If there is evidence of serial correlation then the intercept is likely to be a biased estimate of the zero time enrichment (see Section 5.7), and the magnitude of this bias can be read off the residual product plot. However it is important to remember to halve the value so obtained, as it is the sum of the biases for the two isotopes. The CO2 production rate is then biased to this extent in the opposite direction, as the intercept is the inverse of the pool size.

It is possible to test formally for the presence of curvature in the product plot, but in practice it is more important to read off the likely bias of the intercept from the residual plot.

5.10.3 Ratio plot

The ratio plot is a very sensitive way of presenting information about the CO2 production rate, and as such is useful for assessing the linearity of the plot and constancy of production. In addition, the intercept of the ratio data plot is the log of the ND/NO ratio, and should normally be about +0.03, corresponding to a ratio of 1.03. Since the plot declines with time, the fitted line normally crosses the time axis during Day 2. If there are several residuals during the first day, and if they are all systematically non-zero, then this may indicate bias in the ND/No ratio. Section 5.7 shows how this bias translates to a five-fold bias in the CO2 production rate.
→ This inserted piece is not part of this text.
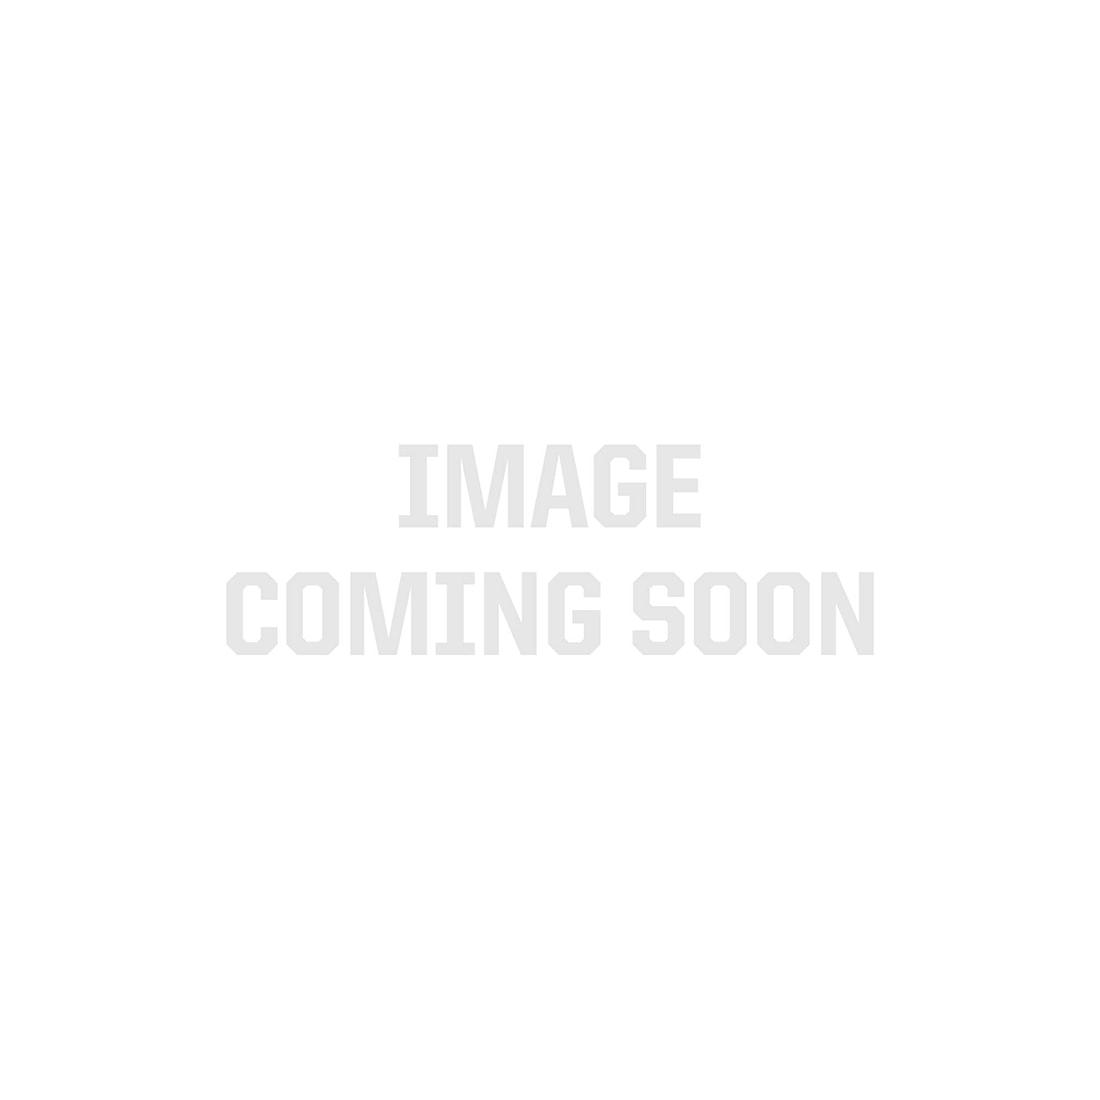 TruColor 2835 LED Strip Light - 6,500K - 160/m - CurrentControl - 5m Reel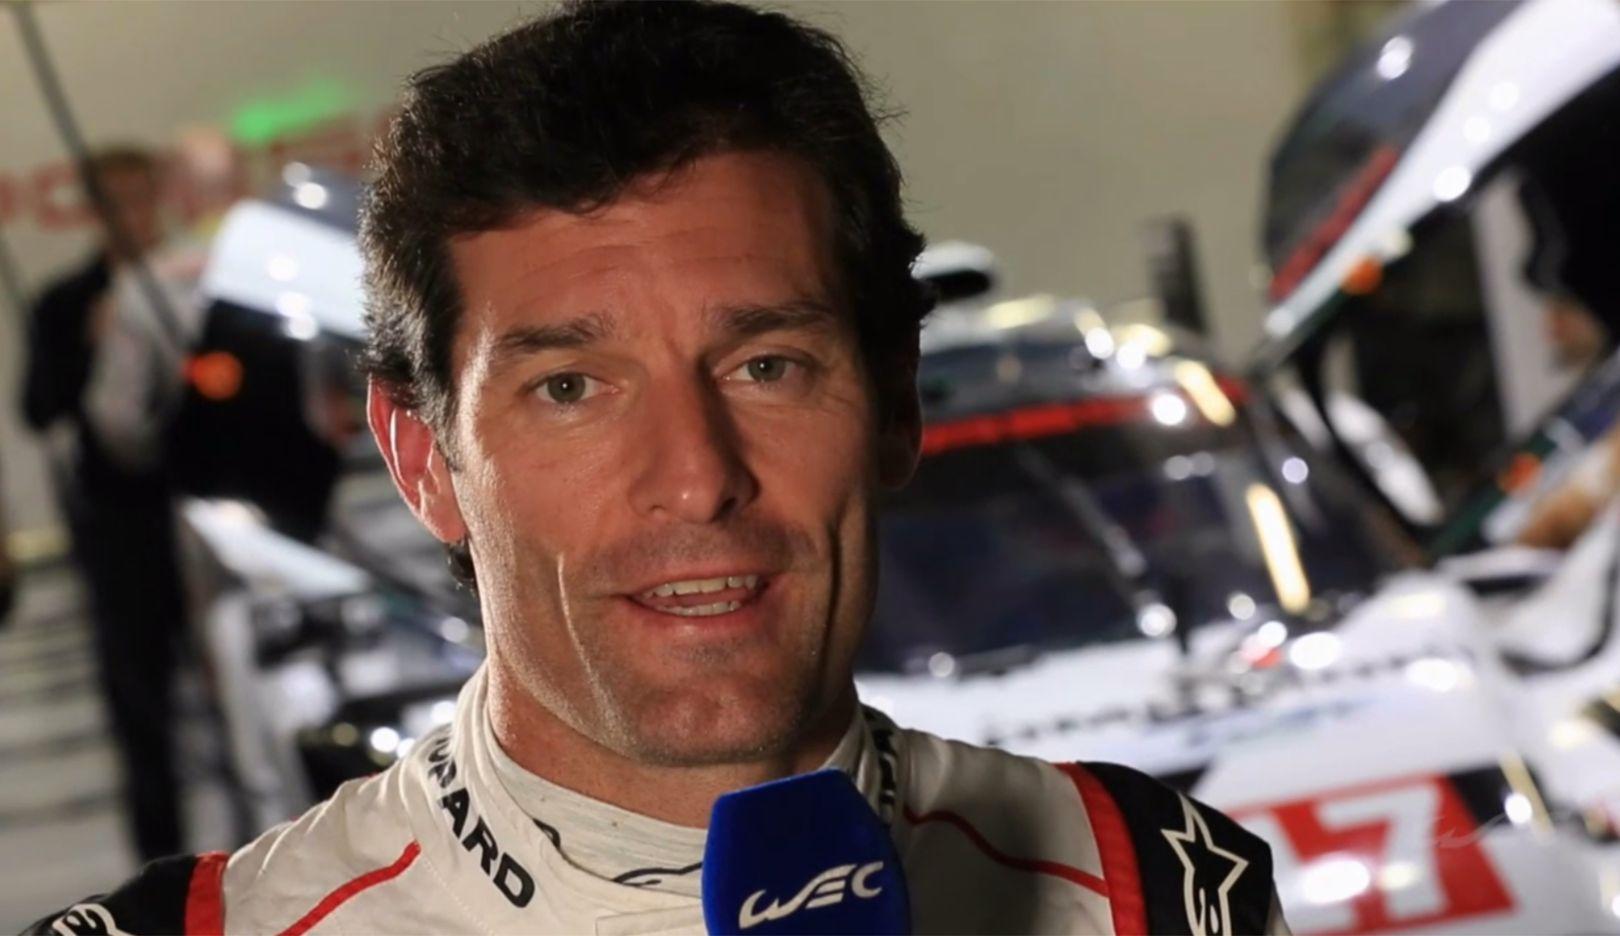 Mark Webber, Werksfahrer, Fuji, 2015, Porsche AG

Worked examples illustrating many of the points raised here are presented in Chapter 11.

## 5.11 References

1. Coward WA, Roberts SB & Cole TJ (1988) Theoretical and practical considerations in the doubly-labelled water (2H218O) method for the measurement of carbon dioxide production rate in man. Eur J Clin Nutr; 42: 207-212.

2. James WPT, Haggarty P & McGaw BA (1988) Recent progress in studies on energy expenditure: are the new methods providing answers to old questions? Proc Nutr Soc; 47: 195-208.